Sat 26 May 2012 07:39:41 AM PDT

Market discipline, and offloading

Doc Searls recently put up a good short intro to the VRM concept: Turning Consumers into Customers. Plenty of links there for more info.

One more aspect of VRM, though, is that it's potentially an important part of three other trends: individualization and Big Switch-ization of IT, and the increasing self-servitude of everything.

As an individual, you have access to better tools for information discovery and sharing than the vendor IT Department does. Some of those tools are local, others can run as a service. And it's way faster for you to start using a new technology or service than for the vendor to do it.

So if somebody is going to use a computer program to match up people who want to buy with stuff that wants to be bought, why not run that program on the platform that works best? And the platform that works best is a mix of end-user devices for UI and raw cycles, plus high-efficiency large-scale data centers for back-end tasks. (Appropriate back-end tasks are: enforce security and consistency. If you do anything else on the server side you're probably doing it wrong.)

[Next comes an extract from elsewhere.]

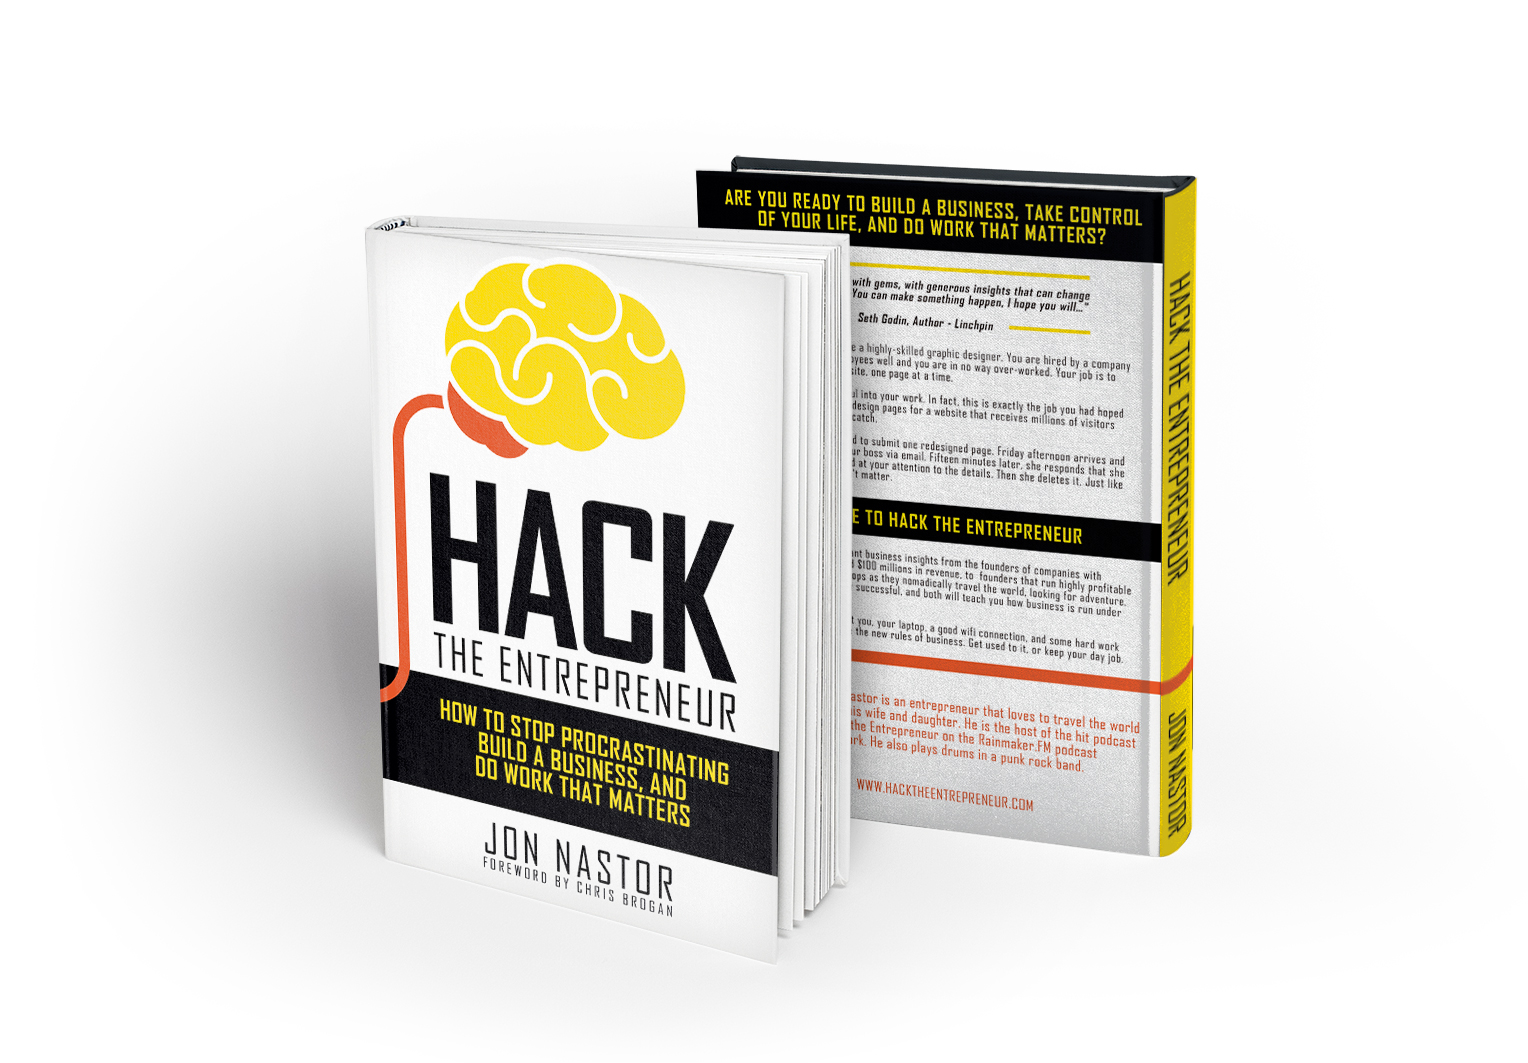 Hack the Entrepreneur: The Book

For a vendor, using VRM is almost like making the customer do bank transactions at the ATM, or get support from the web site, or use the supermarket self-checkout machine. Customer information that's out in the market, kept up by the customer, is information that customers pay to maintain and that you don't have to. (Big Data in-house requires expensive data centers and statisticians in Aeron chairs.)

A CRM migration is an IT Project with a capital P. A VRM migration is "hey, you notice all the traffic to the web API from example.com? That's cool."

So VRM is nice and logical and all, and there should be a lot more of it. But the catch is that although it might be great for enabling all kinds of efficient market transactions and conversations and all that fun stuff, it's absolutely terrible for confusopoly-based price discrimination, and many vendors depend on that. At least VRM will tend to raise the relative price of working that way.